Teresa closed her eyes. Not to sleep. To rest the systems that the tunnel work and the bone fusion and the intelligence briefing had depleted. Thirty hours. The body needed to be functional. The wound needed to not be worse. The hands needed to work.
She thought about the five she couldn't find. The reanimates in the deep tunnels, walking through passages she hadn't mapped, heading toward destinations their dead brains couldn't conceptualize and their dead legs would carry them to regardless. Five loose variables in a system already overcomplicated. Five symptoms of the disease that Mira and Helena would try to cure tomorrow night in a cathedral compound guarded by soldiers serving a Cardinal who didn't know what he was protecting and who was about to pour holy fire on a powder magazine.

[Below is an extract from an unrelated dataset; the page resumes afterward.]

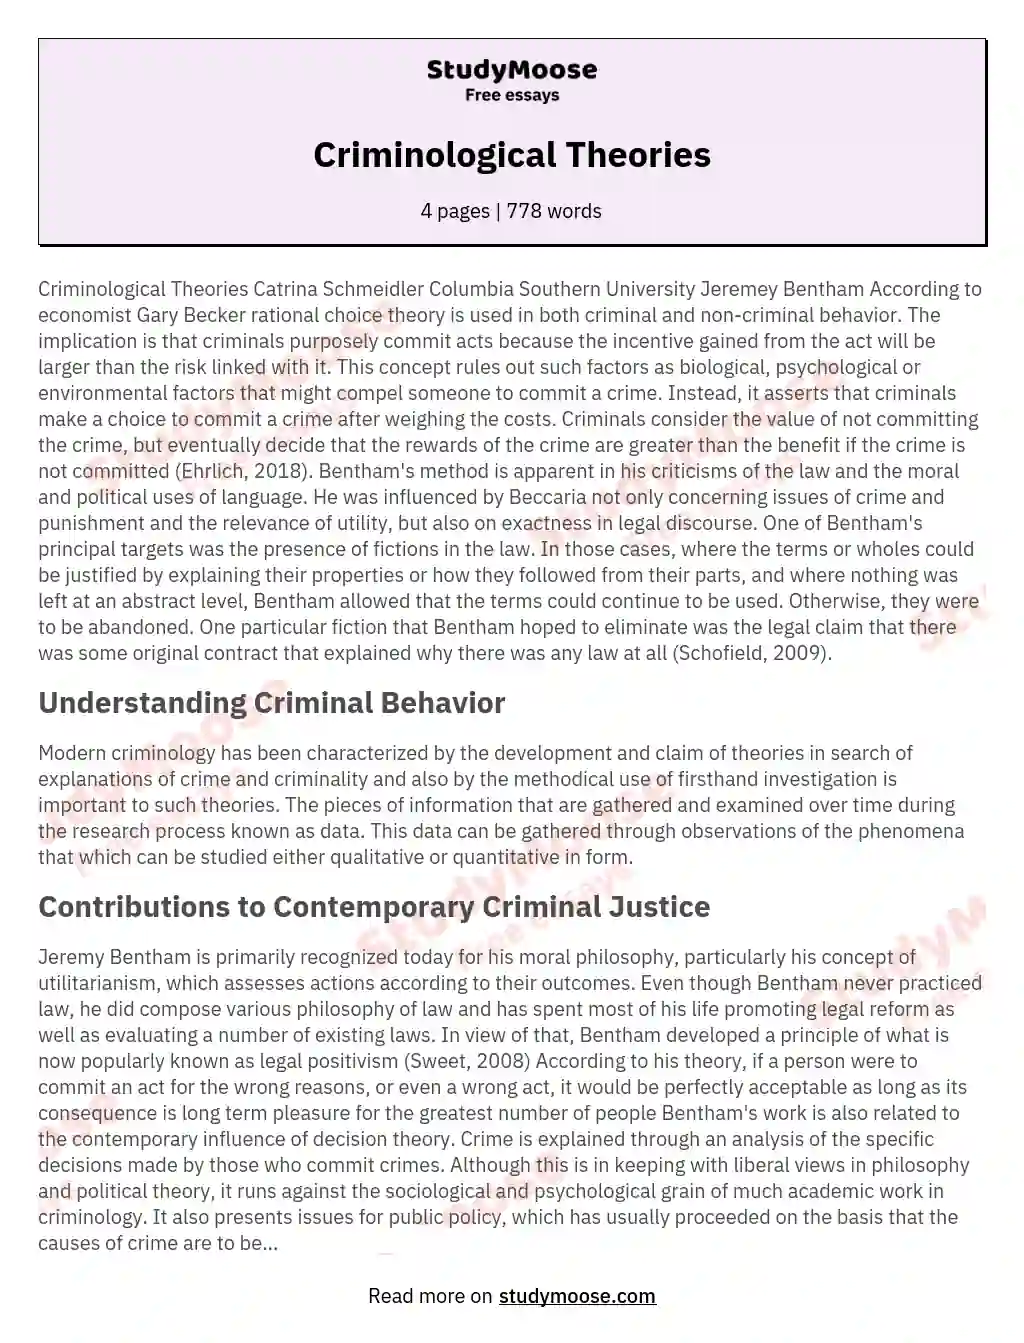 Criminological Theories essay

The gray at her fingertips tingled. The faintest echo of the energy she'd pushed through fifteen reanimate skeletons, the negative polarity's residual signature in the adapted tissue of her hands. The adaptation that connected her to Evander's condition. The same process, earlier stage. Her fingers tingled. His fingers conducted. The distance between tingling and conducting was measured in exposure and time and choices about how much of yourself you were willing to convert into something that worked better and lasted shorter.
She opened her eyes. Evander was looking at his hands again. The diagnostic expression. The physician studying the disease he was becoming.
She didn't say anything. Some diagnoses were the patient's to sit with. The doctor who kept talking when the patient needed silence was the doctor who didn't understand that medicine included the spaces between words.
The corridor held them. The dead lay still. The ghost faded. And above, through forty meters of rock, Arden Voss continued his work on the heart of a world that didn't know it was on the operating table.